Bastiaanssen asked, are there any conditions in a Landsat image where we know what the evapotranspiration is? “The answer is yes,” says Allen. “There are two extreme conditions that we know.” First, little to no evapotranspiration occurs in bare, dry soil. Such a pixel will appear hot in Landsat thermal images. By assuming the amount of heat being used for evapotranspiration was zero (or nearly zero) in this pixel, and knowing the ground surface temperature, Bastiaanssen discovered that he could calculate how much of the incoming solar energy was being transferred to the air as heat at that one location.
Bastiaanssen then set his eyes on the other extreme: he found nearly the coldest pixel in the thermal data. (The coldest pixels, says Allen, are usually standing water or data artifacts.) Since evapotranspiration cools the surface, a cool pixel in an agricultural area would be one that is plant-covered; at that location, it would be reasonable to assume that most of the available energy is being used in evapotranspiration, not heating.

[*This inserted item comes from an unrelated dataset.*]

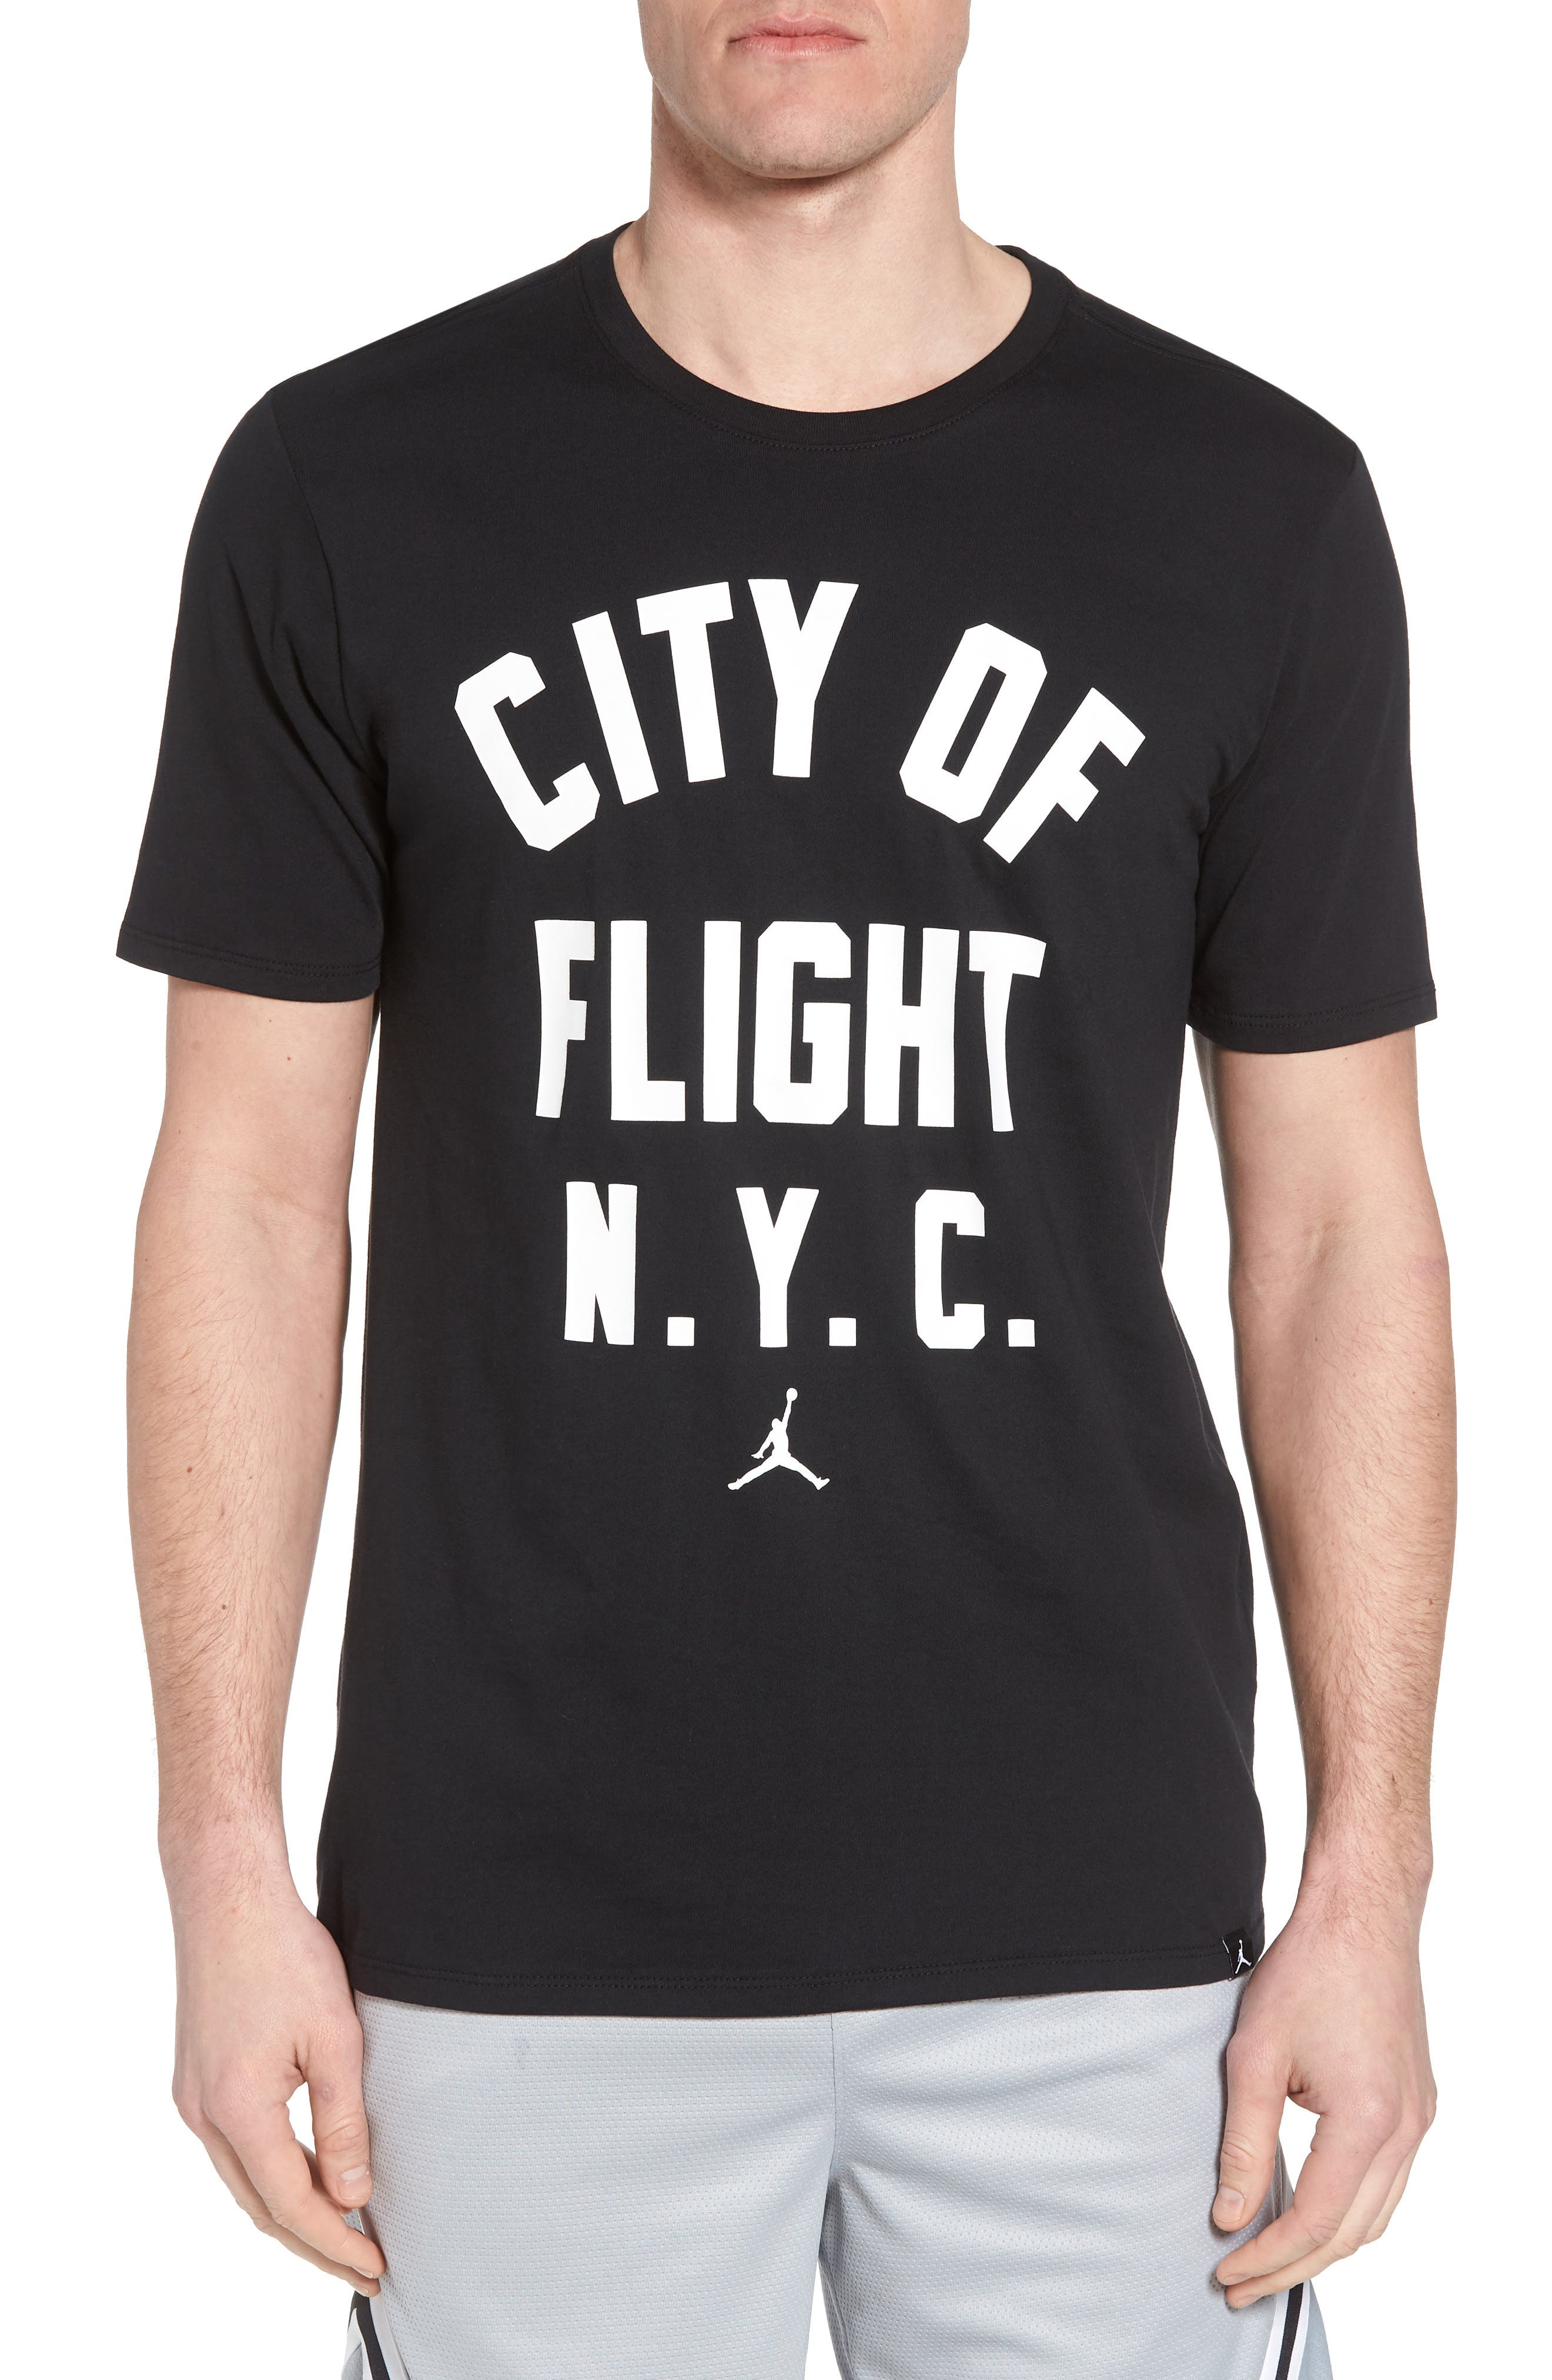 Sportswear City of Flight T-Shirt,                         Main,                         color, Black/ White

Once the scientists knew how much of the available energy was being transferred to the air at the two extremes (the places with the lowest and highest evapotranspiration rates), they simply calculated the mathematical relationship between them, which looked like a gently sloping curve on a graph. The relationship defines the difference between surface and air temperature without requiring a precise measurement of either. Figuring out how much energy was being transferred to the air at other, intermediate, places was simply a matter of figuring out where those locations would fall along the curve.
“I can take that relationship between temperature gradient and surface temperature and apply it to all 30 million pixels in my image,” says Allen. “From that I calculate evapotranspiration for every pixel.”

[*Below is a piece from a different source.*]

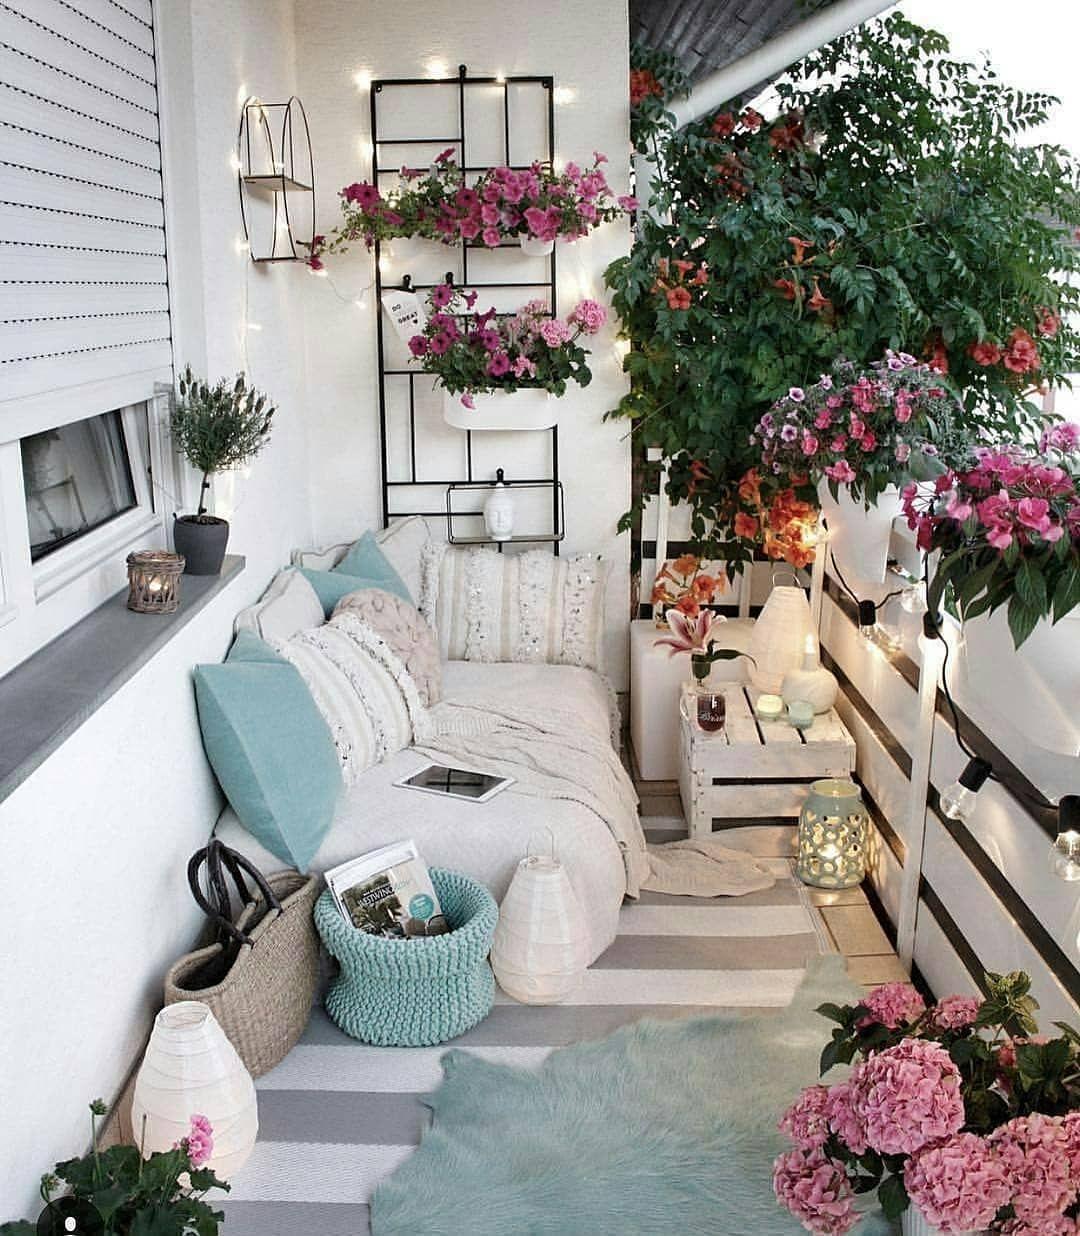 40 Cozy Balcony Ideas And Decor Inspiration 2019 Page 21 O

When Allen, Morse, and Kramber began adapting Bastiannssen’s approach to Idaho, they used precise calculations of evapotranspiration from agricultural weather stations near water-intensive crops, rather than assuming that virtually all the energy in a scene’s coldest pixel was being used in evapotranspiration. Because they knew the evapotranspiration rate from ground measurements, they could combine that with Landsat observations of ground heating to calculate even more precisely how much energy was transferred to the air over the crop.
Since they could now calculate how much of the available energy was heating the ground and the air, they could estimate how much was being used for evapotranspiration. In other words, they now had a way to see water “spending” for every 900-square-meter area of land (a 30 meter pixel): they could see just how much water was being consumed from field to field.